From the FDA Drug Label
Midodrine has been studied in 3 principal controlled trials, one of 3-weeks duration and 2 of 1 to 2 days duration. All studies were randomized, double-blind and parallel-design trials in patients with orthostatic hypotension of any etiology and supine-to-standing fall of systolic blood pressure of at least 15 mmHg accompanied by at least moderate dizziness/lightheadedness Patients with pre-existing sustained supine hypertension above 180/110 mmHg were routinely excluded. The most potentially serious adverse reaction associated with midodrine therapy is marked elevation of supine arterial blood pressure (supine hypertension). Systolic pressure of about 200 mmHg were seen overall in about 13. 4% of patients given 10 mg of midodrine. Midodrine hydrochloride tablets are indicated for the treatment of symptomatic orthostatic hypotension (OH) Because midodrine hydrochloride tablets can cause marked elevation of supine blood pressure (BP>200 mmHg systolic), it should be used in patients whose lives are considerably impaired despite standard clinical care, including non-pharmacologic treatment (such as support stockings), fluid expansion, and lifestyle alterations
The recommended blood pressure range for midodrine use is not explicitly stated, but patients with supine hypertension above 180/110 mmHg were excluded from clinical trials, and systolic pressures above 200 mmHg were observed in some patients.
- The upper limit of systolic blood pressure appears to be around 200 mmHg, as this is the threshold beyond which supine hypertension is considered a potentially serious adverse reaction.

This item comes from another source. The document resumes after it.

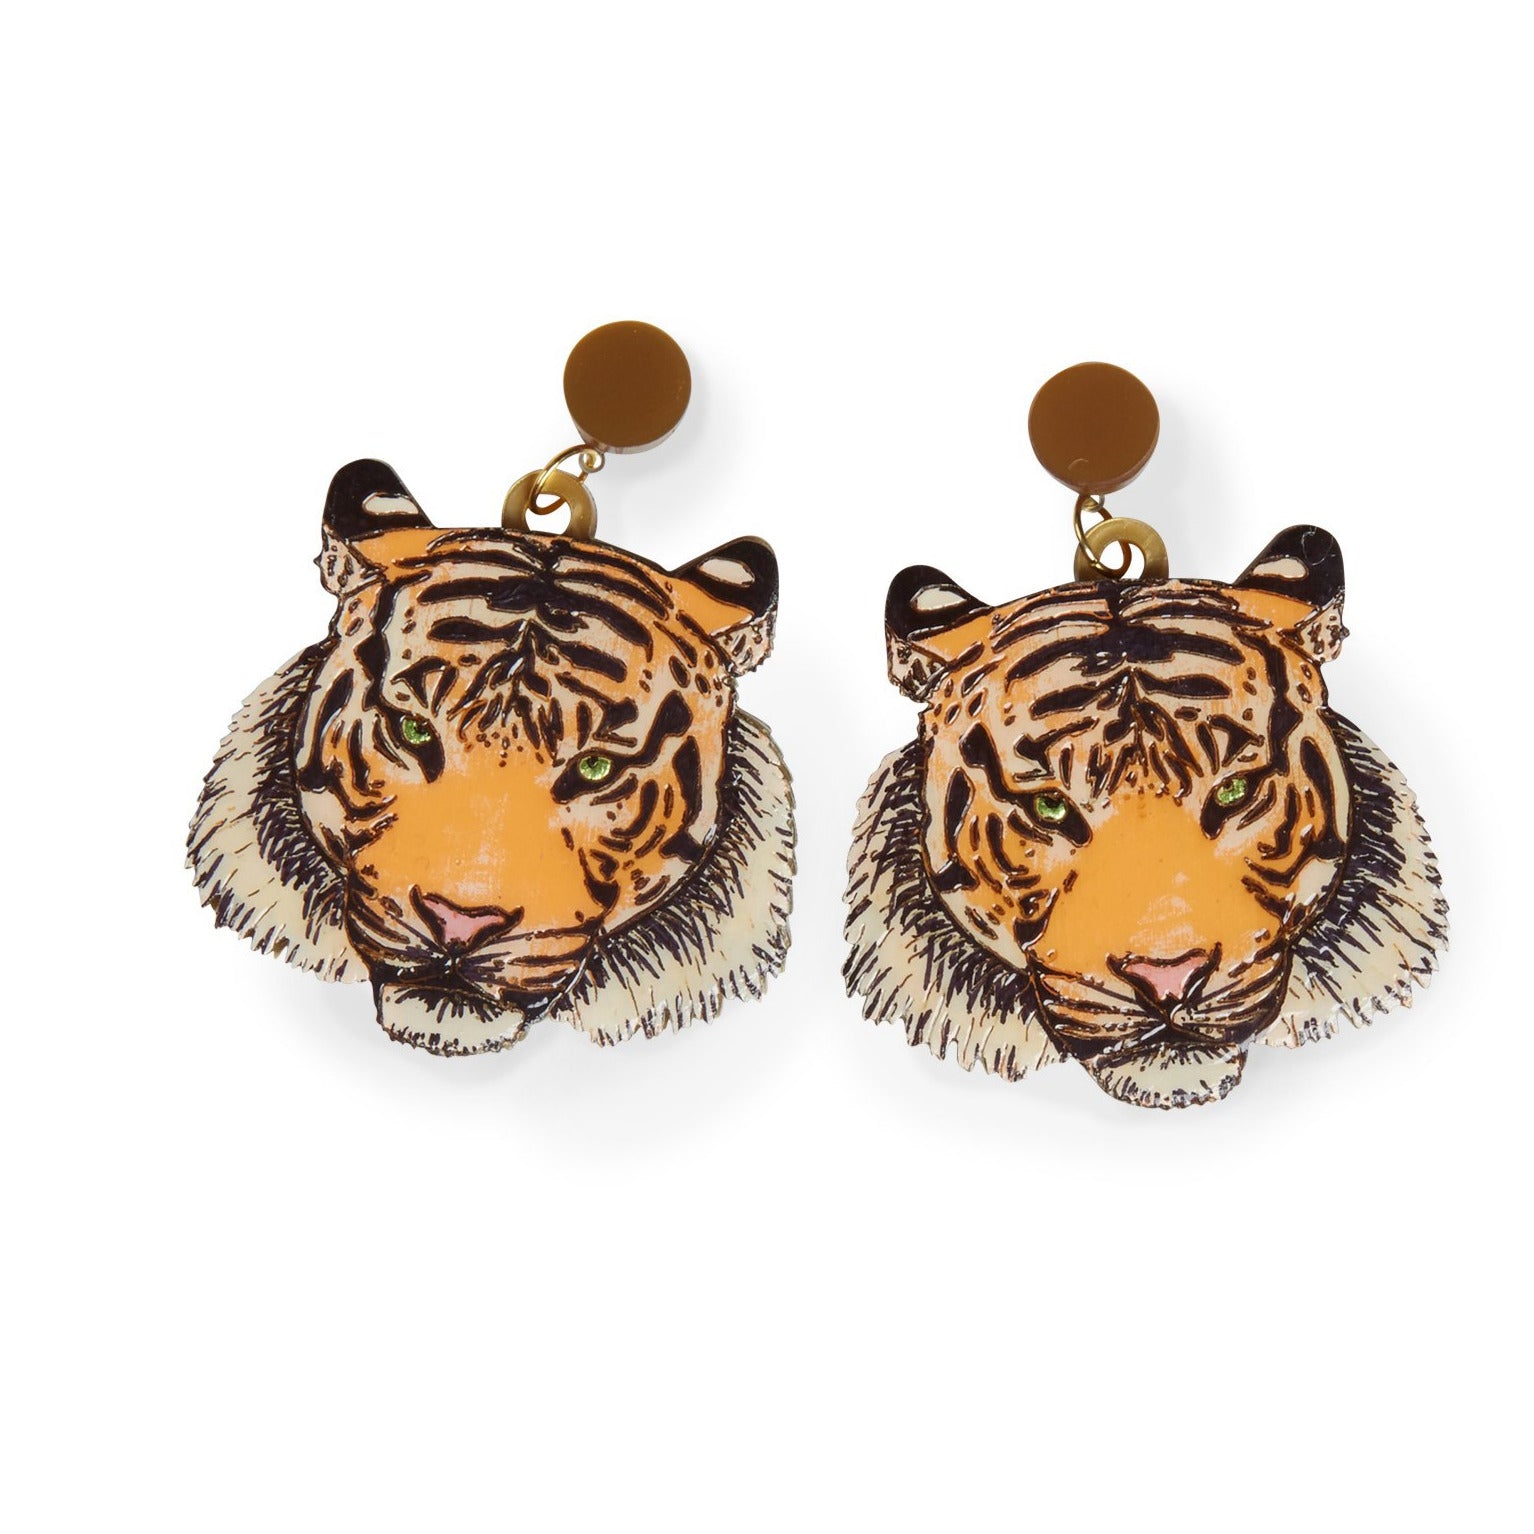 Tiger Laser-cut Acrylic Hand-painted British-made Retro Earrings

- The lower limit of systolic blood pressure is not explicitly stated, but patients with orthostatic hypotension and a supine-to-standing fall of systolic blood pressure of at least 15 mmHg were included in clinical trials 1, 1, 1.
From the Research
Midodrine typically aims to maintain systolic blood pressure above 90-100 mmHg in patients with orthostatic hypotension, with a target increase of 15-30 mmHg from baseline. The medication should be discontinued if supine blood pressure exceeds 180/110 mmHg to prevent hypertensive complications. Midodrine is usually started at 2.5 mg three times daily and can be titrated up to 10 mg three times daily based on blood pressure response. Doses should be taken during waking hours (typically morning, midday, and late afternoon, but not after 6 PM) to avoid supine hypertension while sleeping. Blood pressure should be monitored regularly during treatment, especially when initiating therapy or adjusting doses. Patients should be advised to lie down if experiencing symptoms of high blood pressure such as pounding headache, palpitations, or blurred vision. Midodrine works by activating alpha-1 adrenergic receptors, causing arterial and venous constriction which increases peripheral resistance and blood pressure, particularly beneficial for patients with neurogenic orthostatic hypotension who experience blood pressure drops when standing 2, 3.
Some key points to consider when using midodrine include:
- Monitoring blood pressure regularly to avoid hypertensive complications
- Adjusting doses based on blood pressure response
- Avoiding supine hypertension by taking doses during waking hours
- Advising patients to lie down if experiencing symptoms of high blood pressure
- Understanding the mechanism of action of midodrine, which involves activating alpha-1 adrenergic receptors to increase peripheral resistance and blood pressure 4, 5, 6.
It's also important to note that midodrine has been shown to be effective in increasing standing blood pressure and improving symptoms of orthostatic hypotension, with a similar efficacy to other sympathomimetic agents and dihydroergotamine 2, 3. However, the evidence is not strong enough to support a specific blood pressure range for midodrine, and the target blood pressure range may vary depending on the individual patient and their underlying condition.